### PROBLEM TO WORK ON:
Restate the listing below exactly, images excluded.

### STORED DATA:

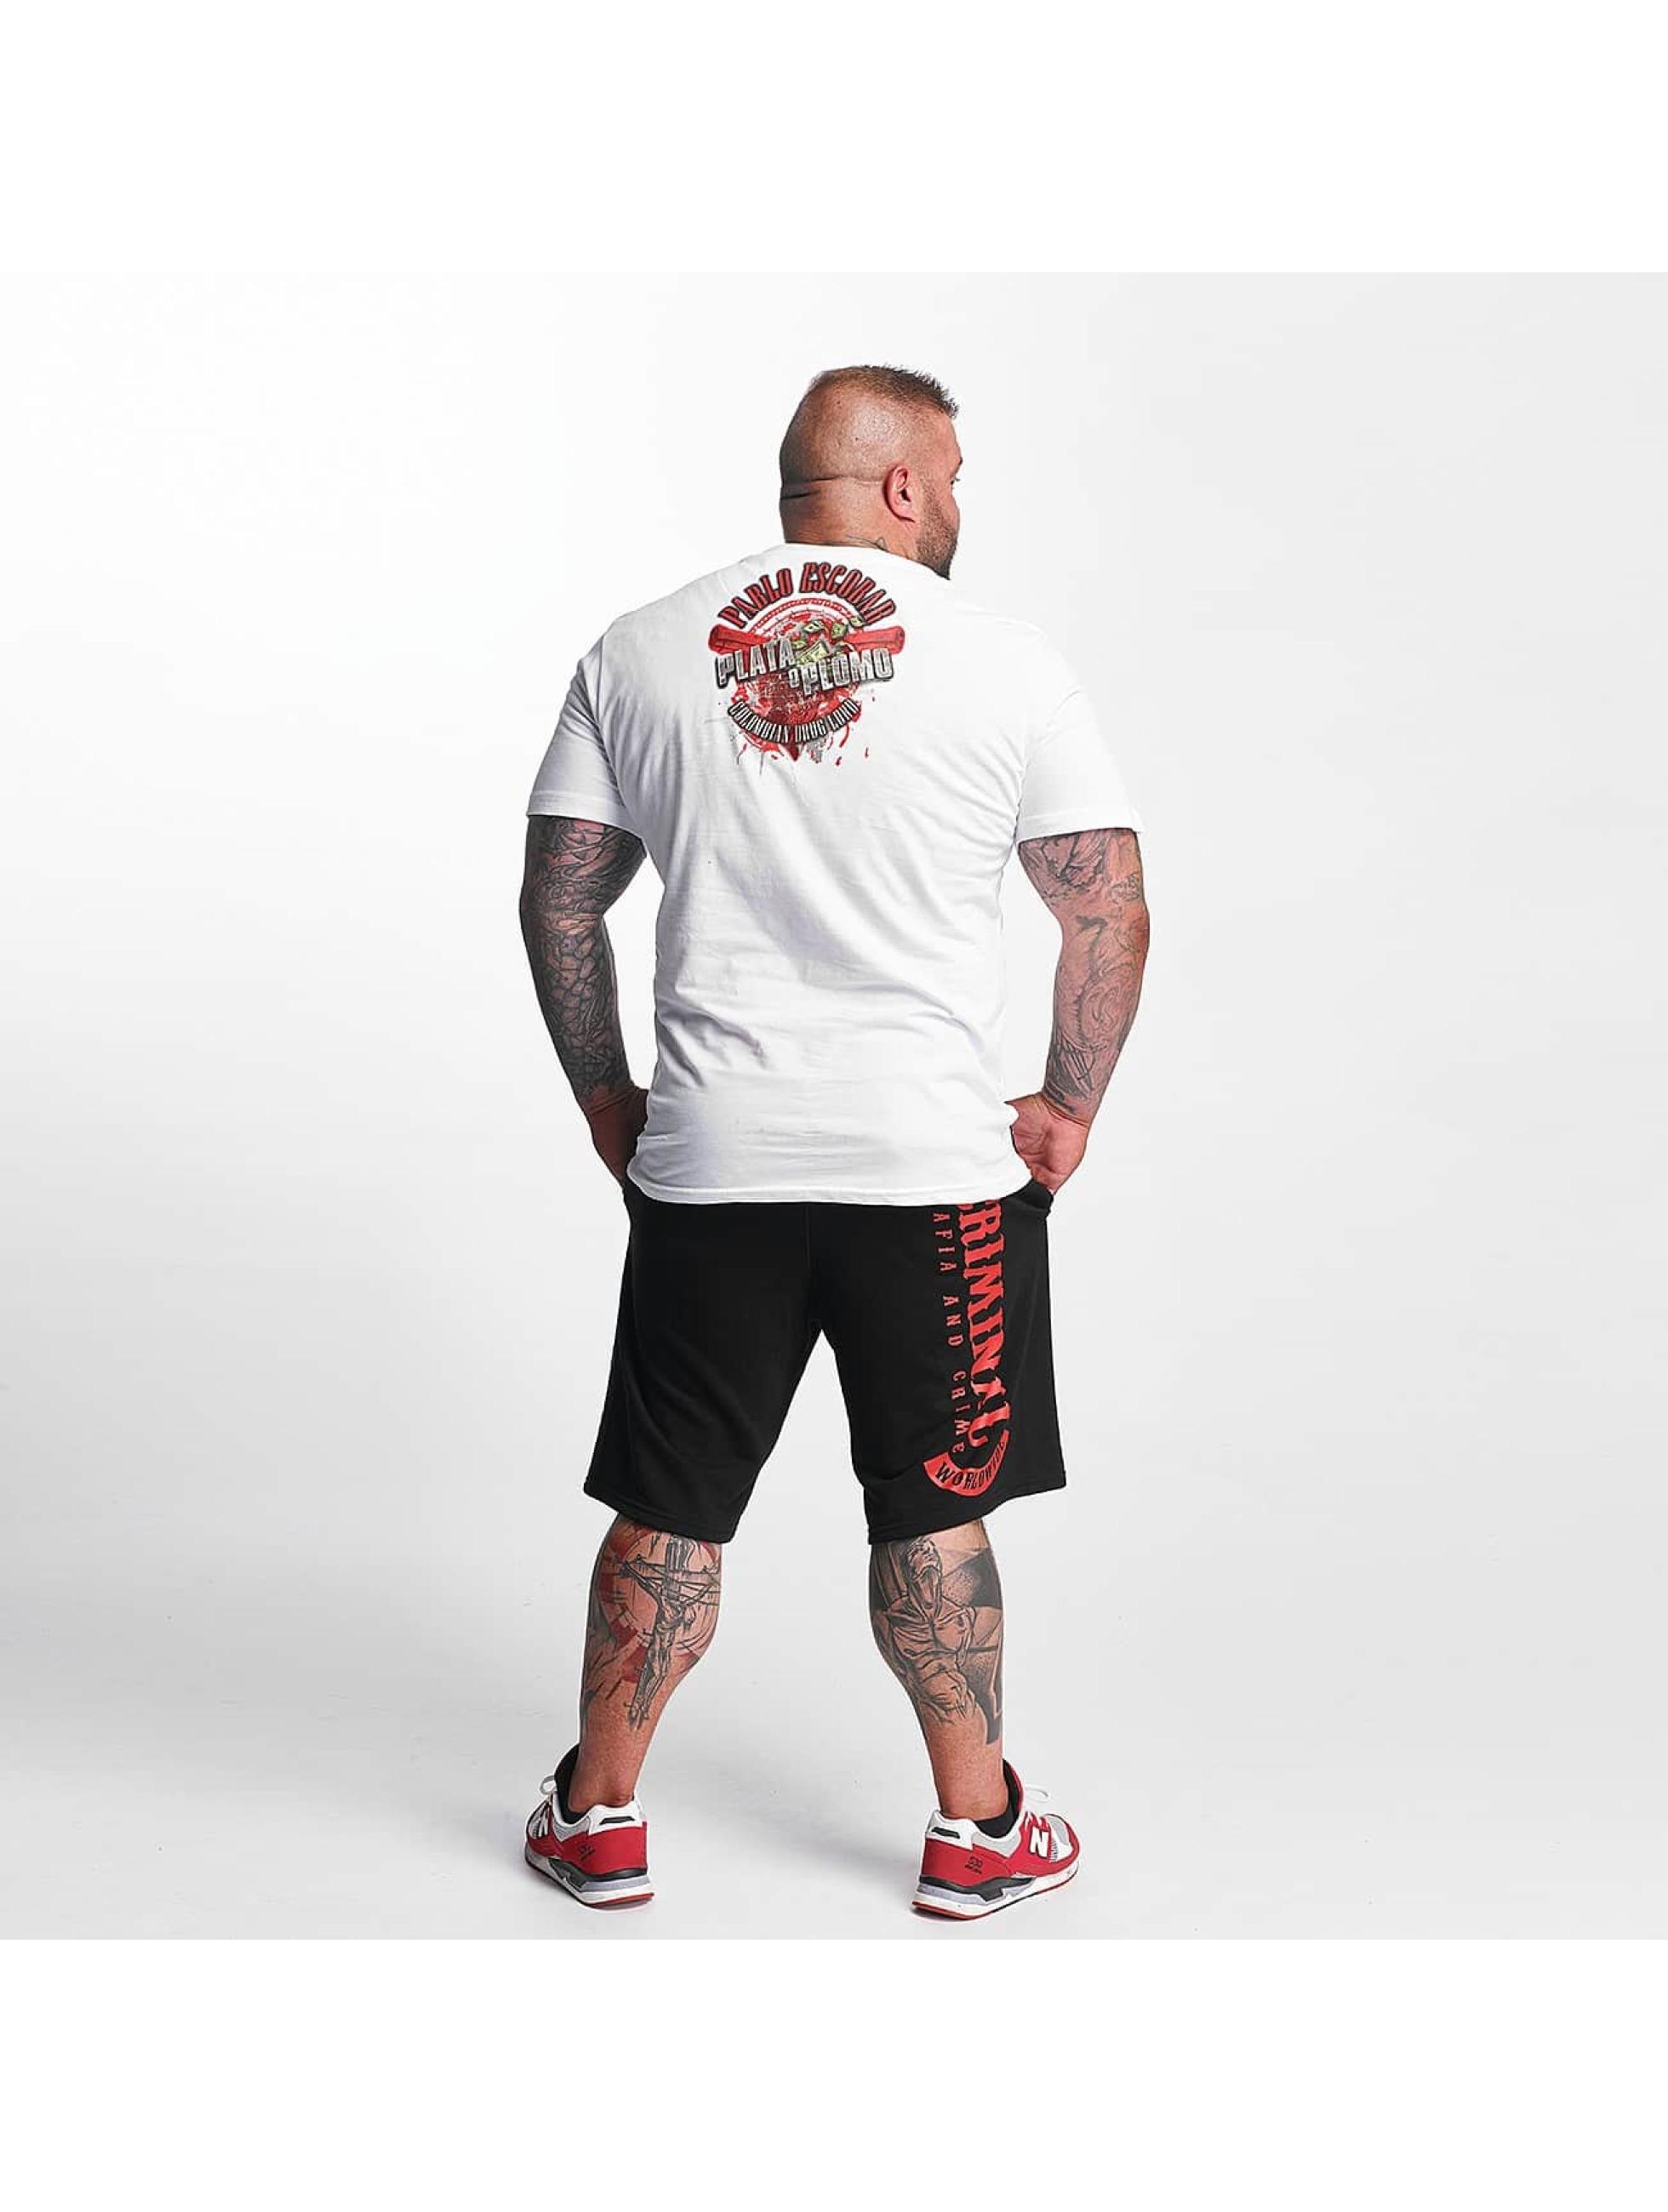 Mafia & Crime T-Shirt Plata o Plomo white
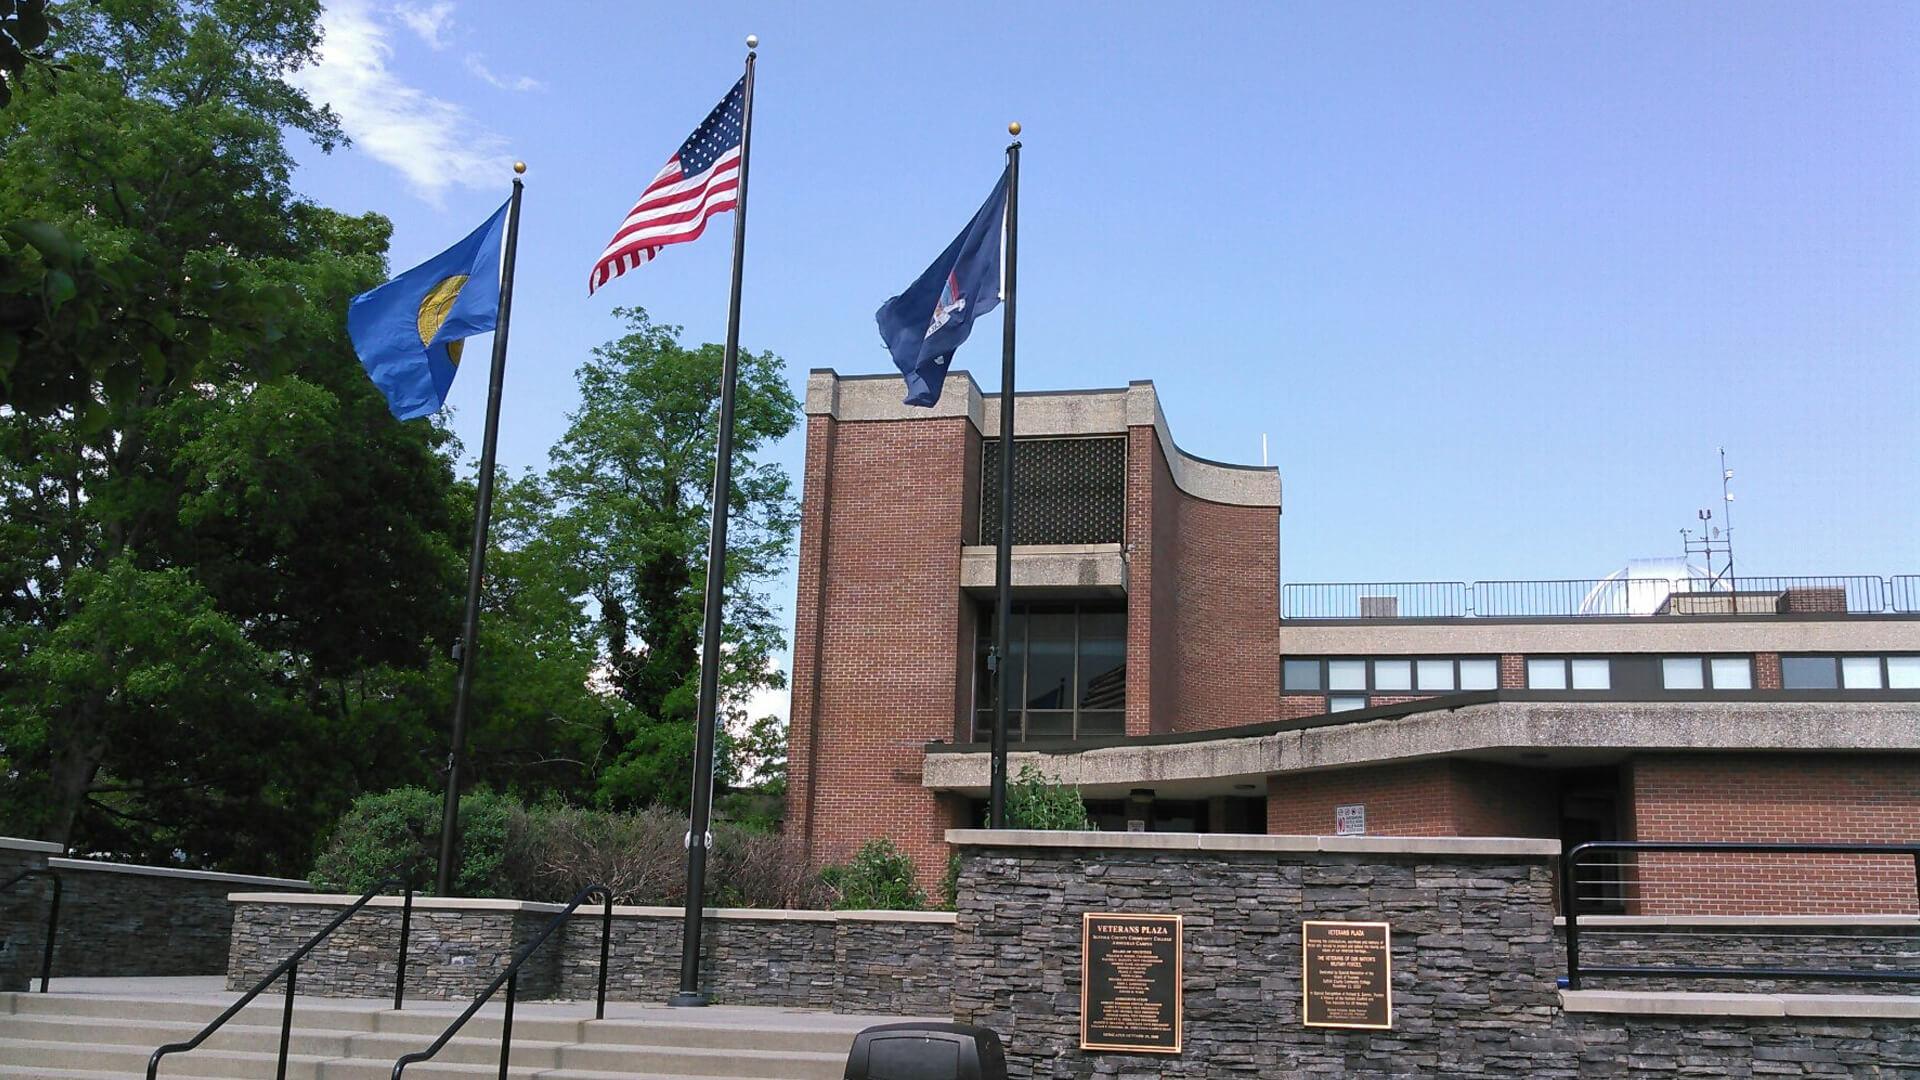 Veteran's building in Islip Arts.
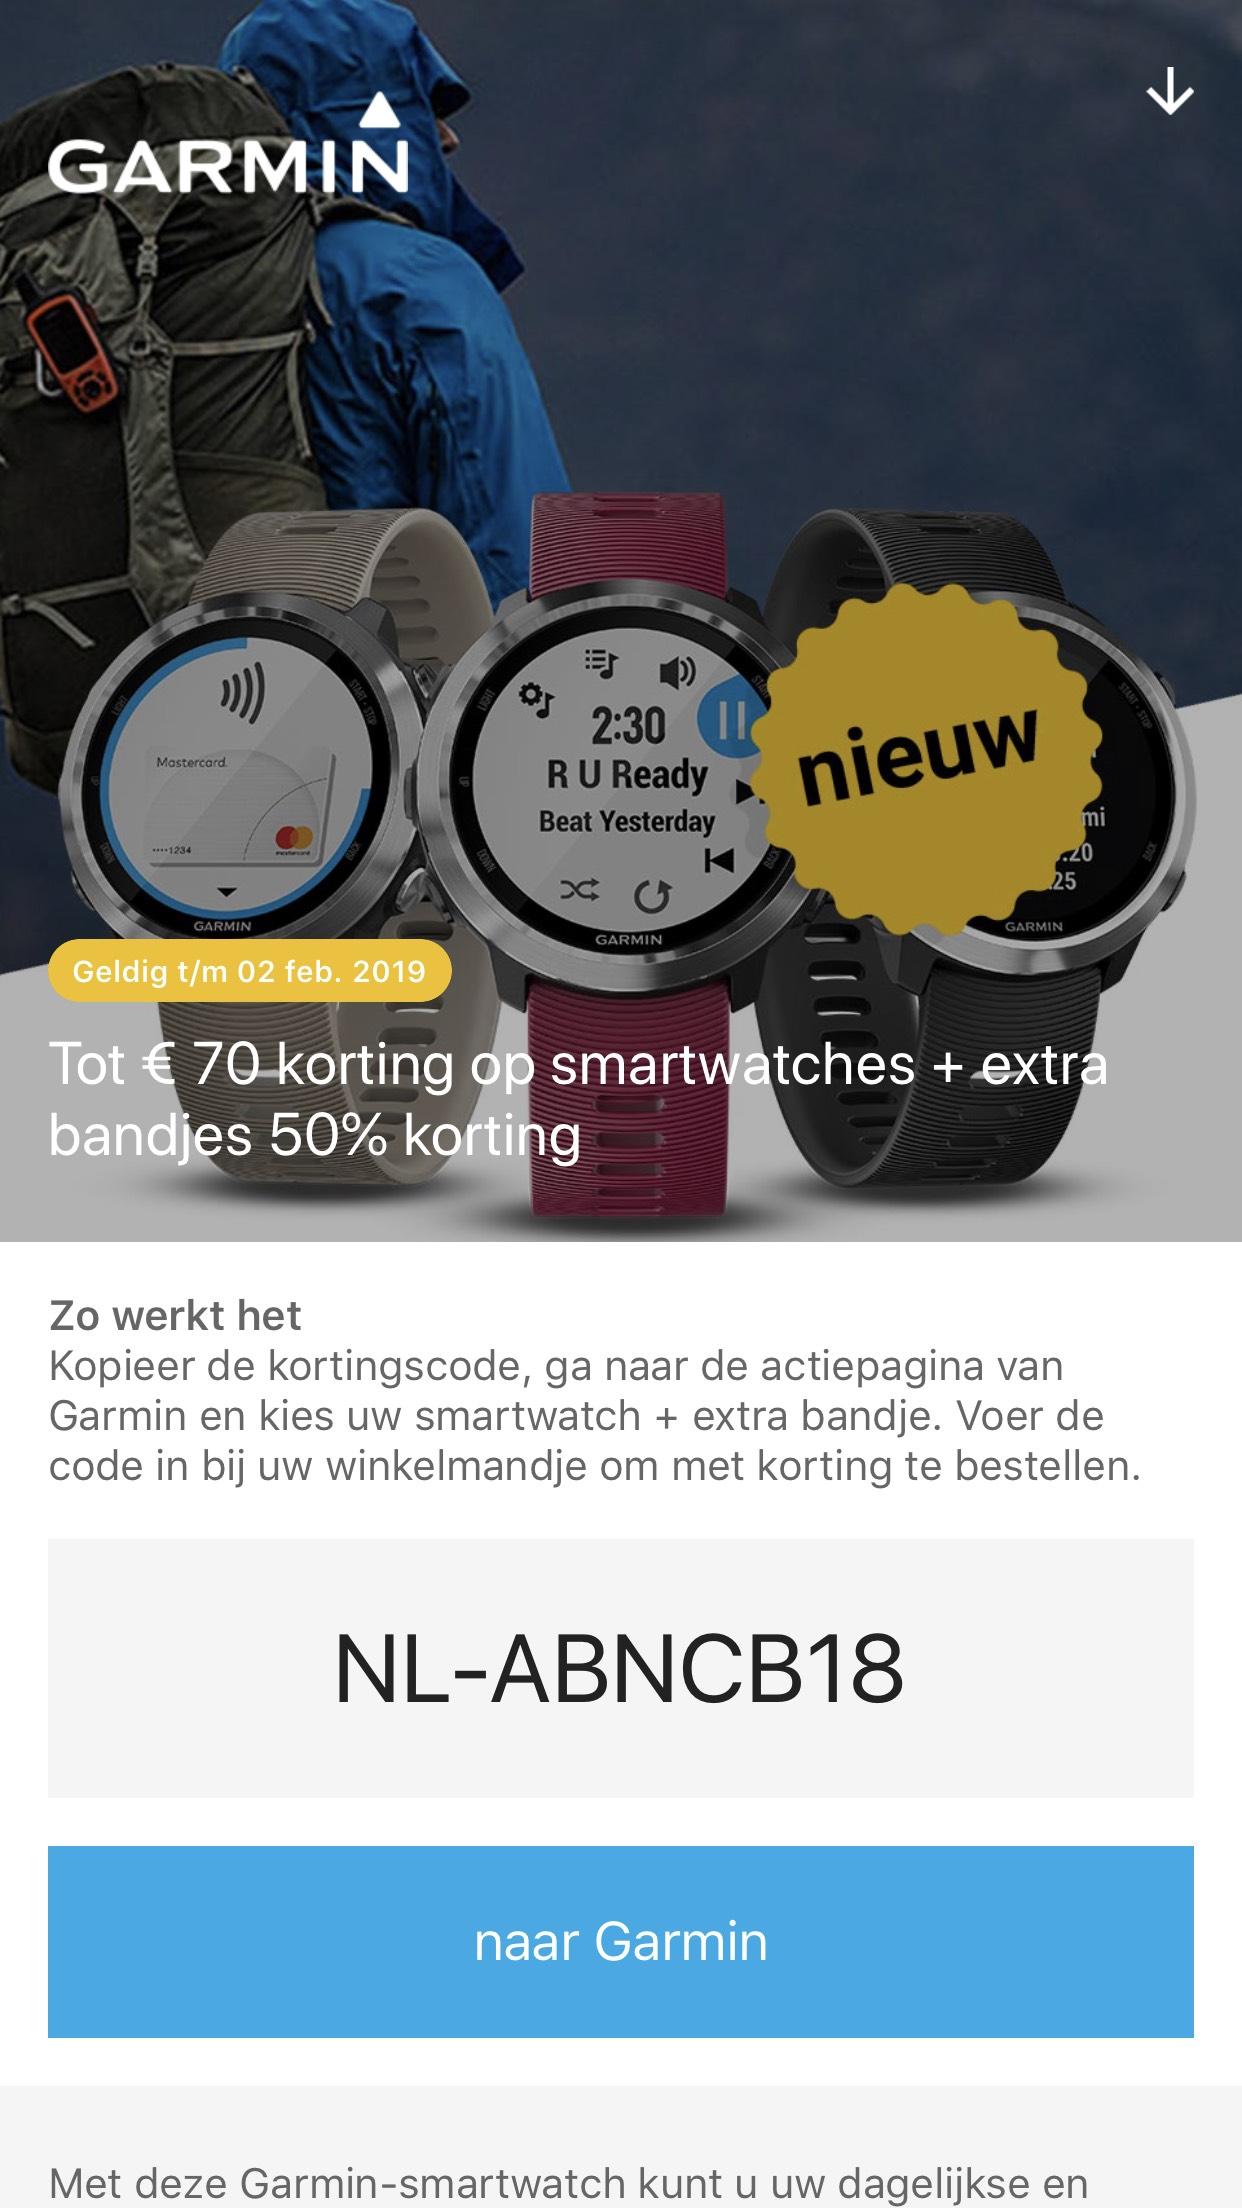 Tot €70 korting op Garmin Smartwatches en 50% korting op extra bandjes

### SOLUTION TO THE PROBLEM:
 Mafia & Crime T-Shirt Plata o Plomo white
 Veteran's building in Islip Arts.
 Tot €70 korting op Garmin Smartwatches en 50% korting op extra bandjes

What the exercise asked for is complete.